So, brief background. Separated from H. He moved out with DSS in August. We are endeavouring to be amicable and living apart is helping with that, in that we can now be civil, send friendly emails etc. Divorce itself will be very straightforward and clear-cut, owing to fact we have no children or assets together, so nothing really to argue about too much.
However, I am still fairly angry and somewhat bitter about the whole thing. Those of you who are regular MNetters may recall the ghastly wedding in South Africa with horrible sister-in-law and me and H not speaking. Then the subsequent 'engagement ring' thread started by H on here a few months ago. Am glad that we are separated and know it's for the best, but I do feel really angry at certain individuals in his family who made things so much worse and helped to destroy the marriage before it had even begun. I do, realise, though, that other issues also contributed.
Anyway, H was away over most of the summer with his family in S. Africa. He is now back and living a few miles away in a rented place.

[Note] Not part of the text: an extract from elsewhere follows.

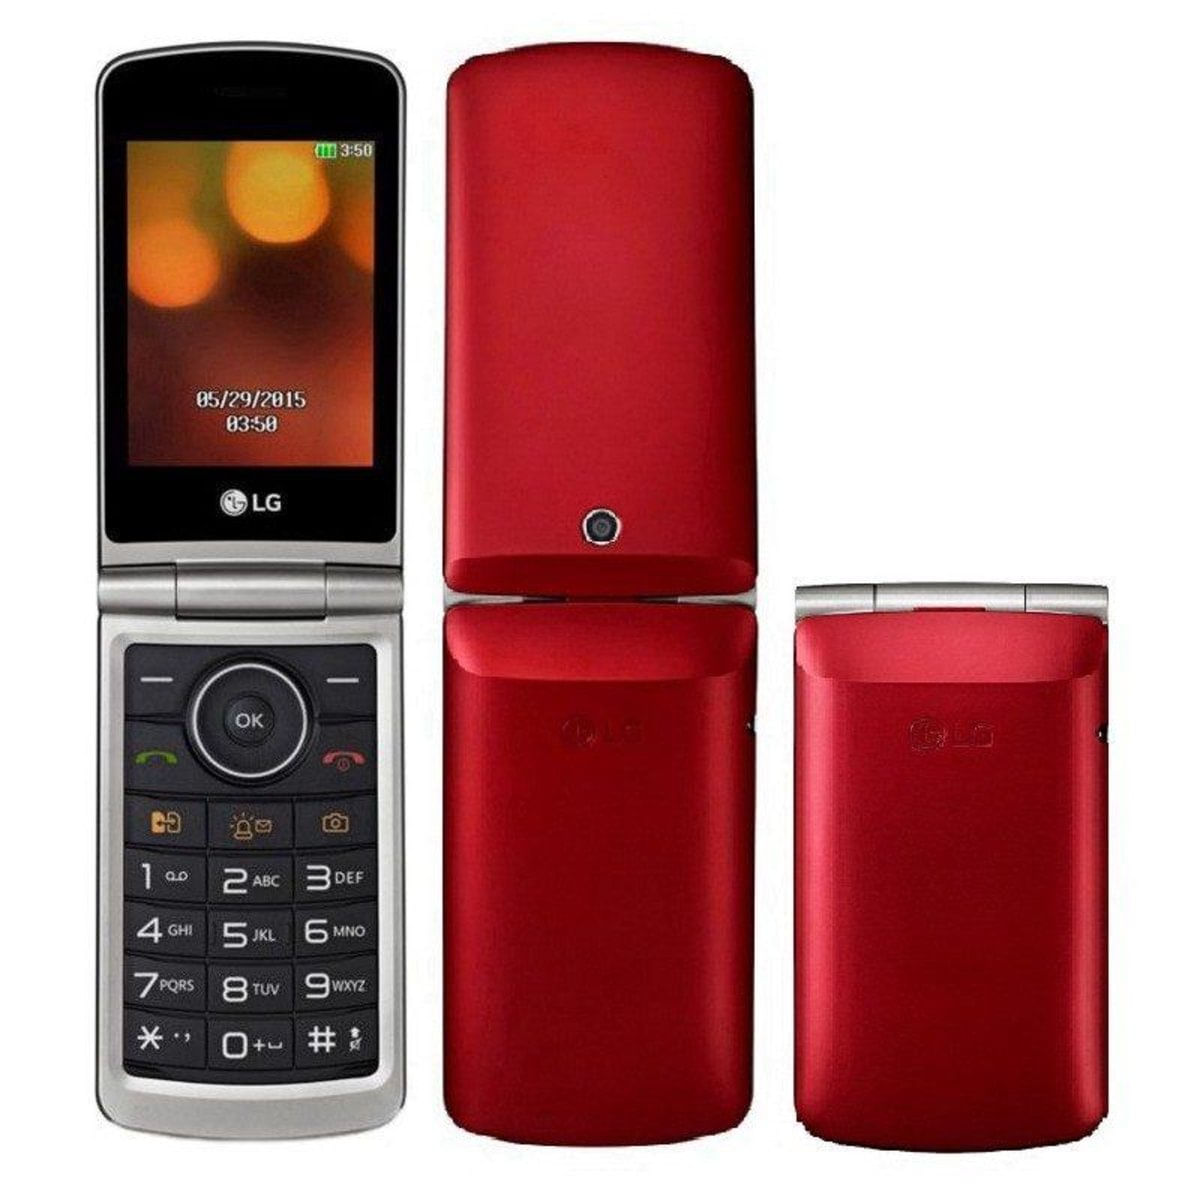 MP03581127_Celular-LG-G360-flip---vermelho_1_Zoom
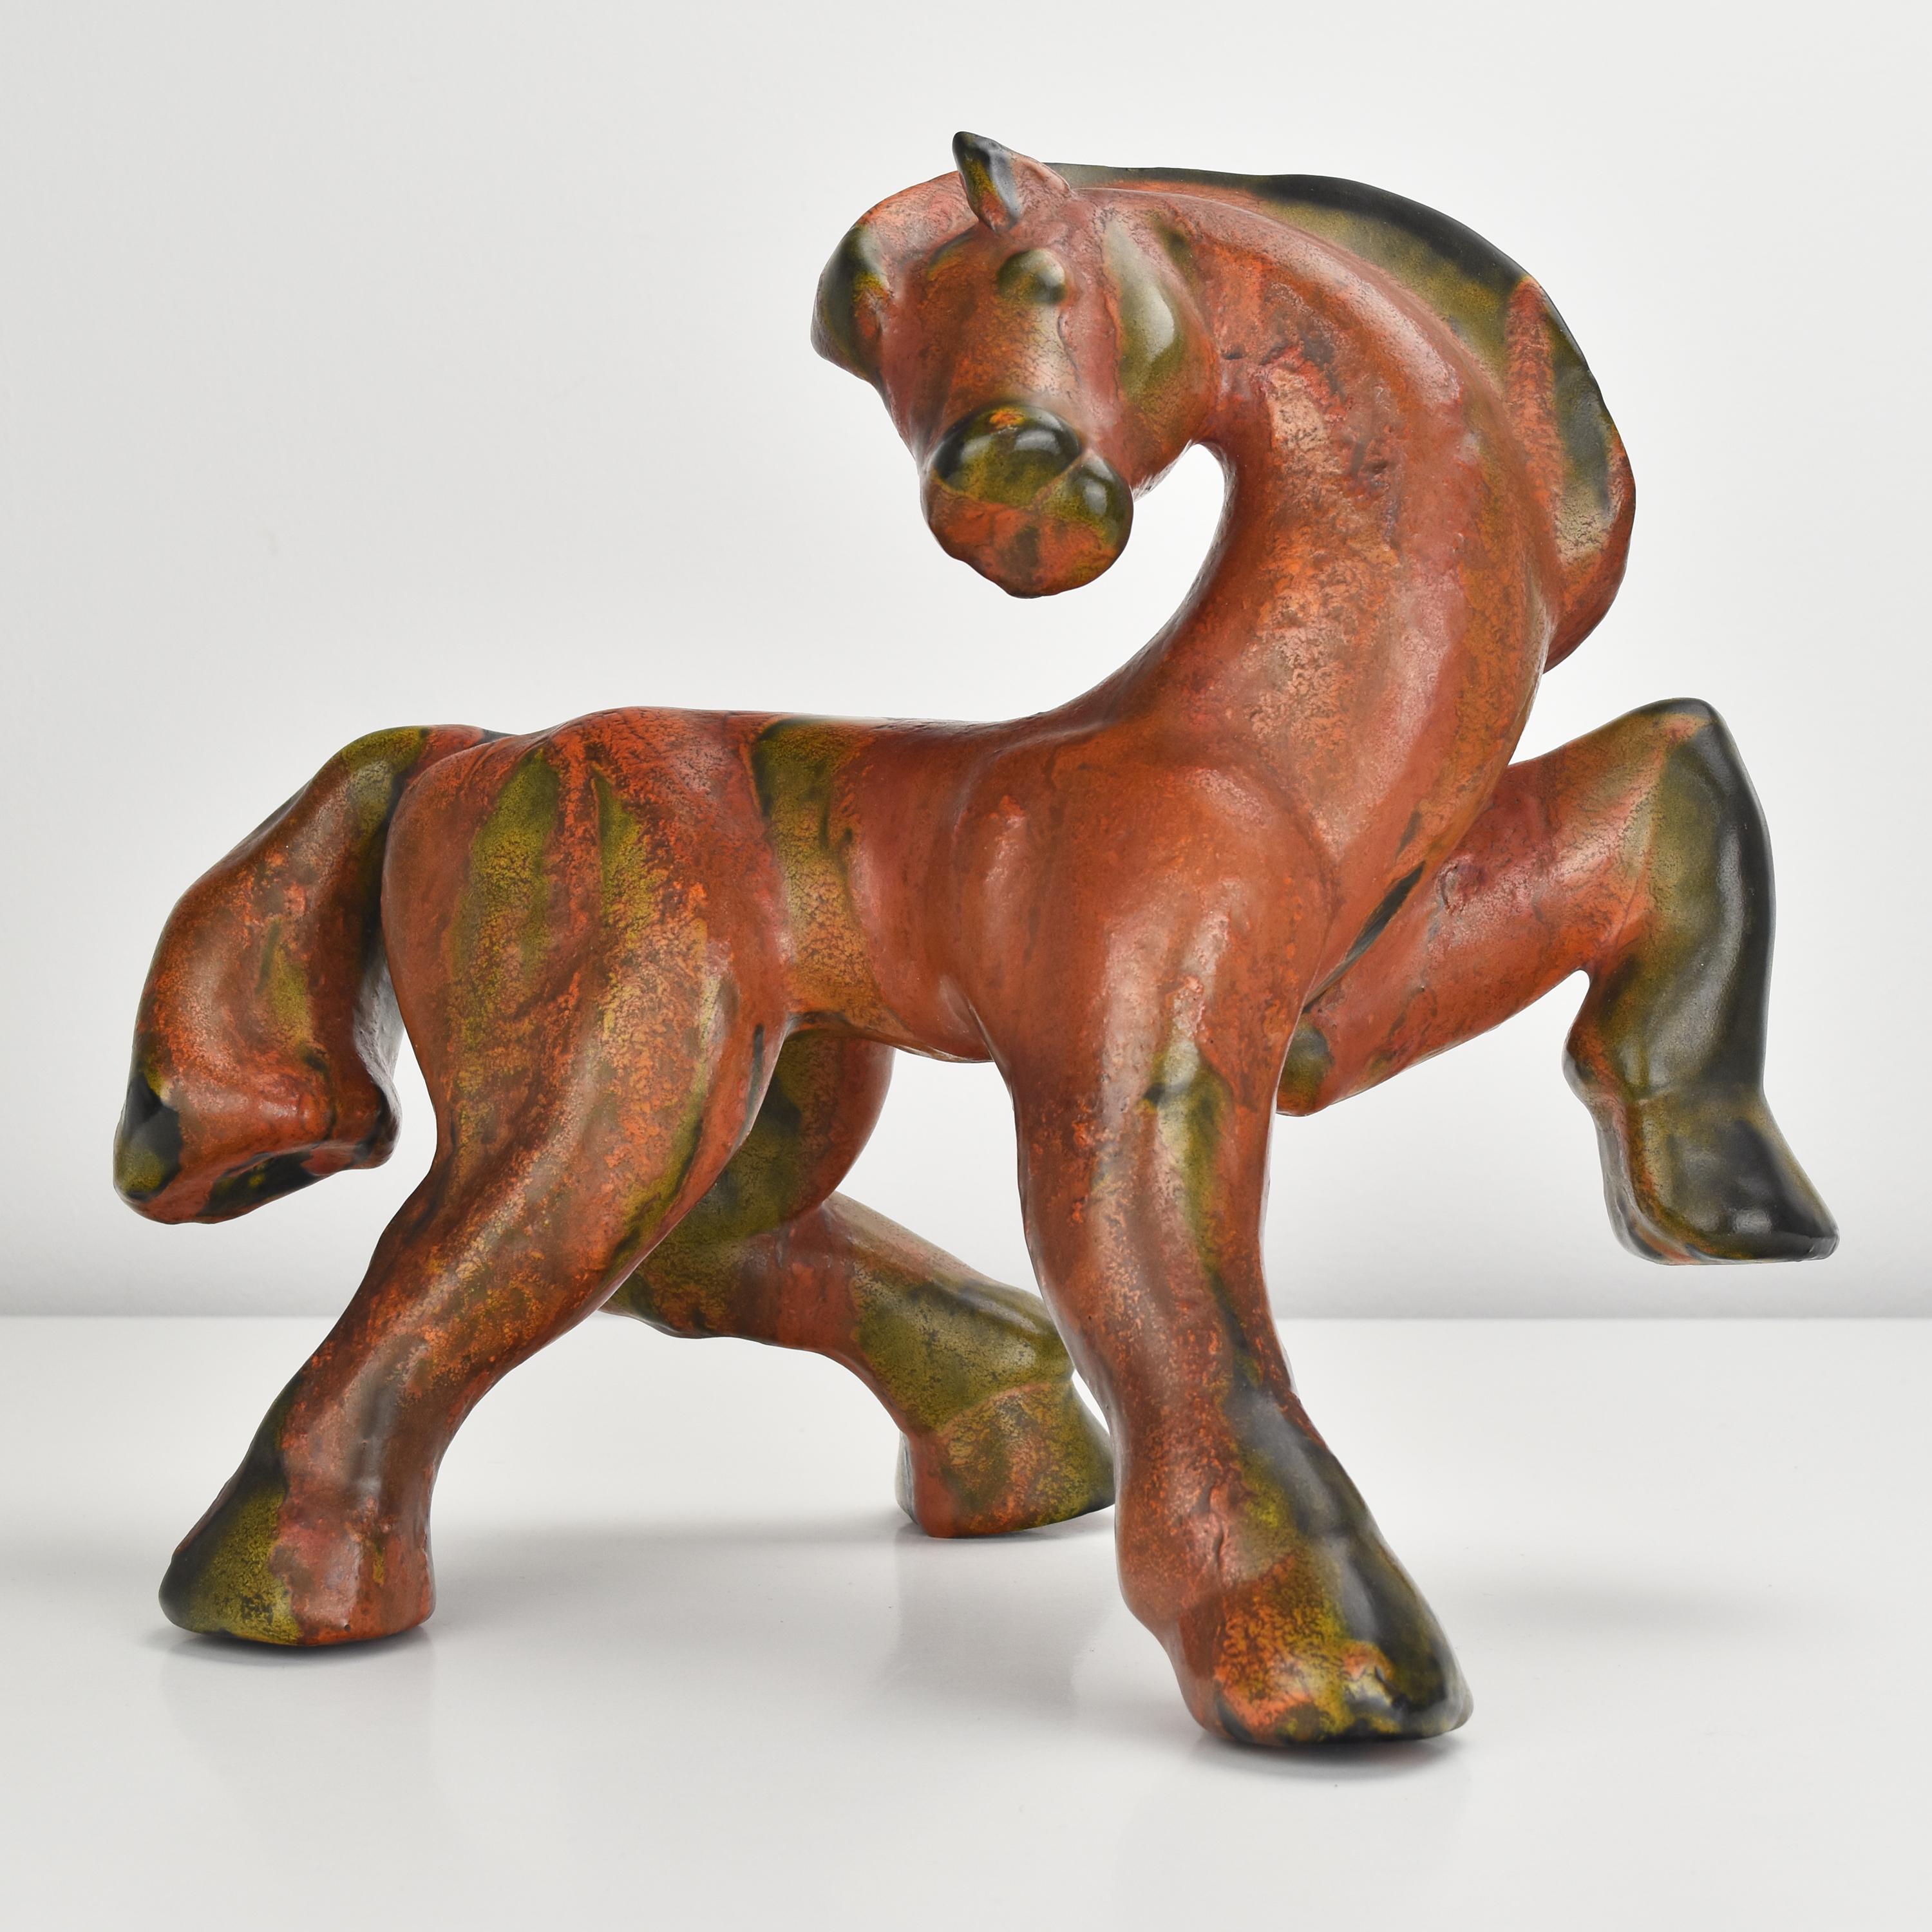 Glazed German Art Deco Pottery Ceramic Horse Sculpture Figurine After Franz Marc For Sale

I stayed in house with DD. BUT, now he's back, he's spending a lot of time socialising with mutual friends. One set of friends in particular, who I met first, who live near my house, who I feel that I know better, yet he's spending all time with them. Yes it's petty, yes I'm being unreasonable, but I want him to back off and let me have at least some friends to myself. I'm currently working daft hours temping, so would like any of the precious free time I have to spend with DD and these friends. Except I can't, because said friends are with H (having a picnic today, having supper together another time). I moved to area that I'm living in solely due to H who was already there. Left good friends and family behind in move. I'm the one who initiated friendship with this set of friends, they live near me - why can't H just back off and let me 'have' those friends to myself?
I know it's irrational - I'm just upset. I want to be vindictive at the moment and I want people to support me and sympathise. Why can't he just stick to his own friends he had before we met and let me have a bit of support? 
I am being unreasonable, I know. I'm just fed up.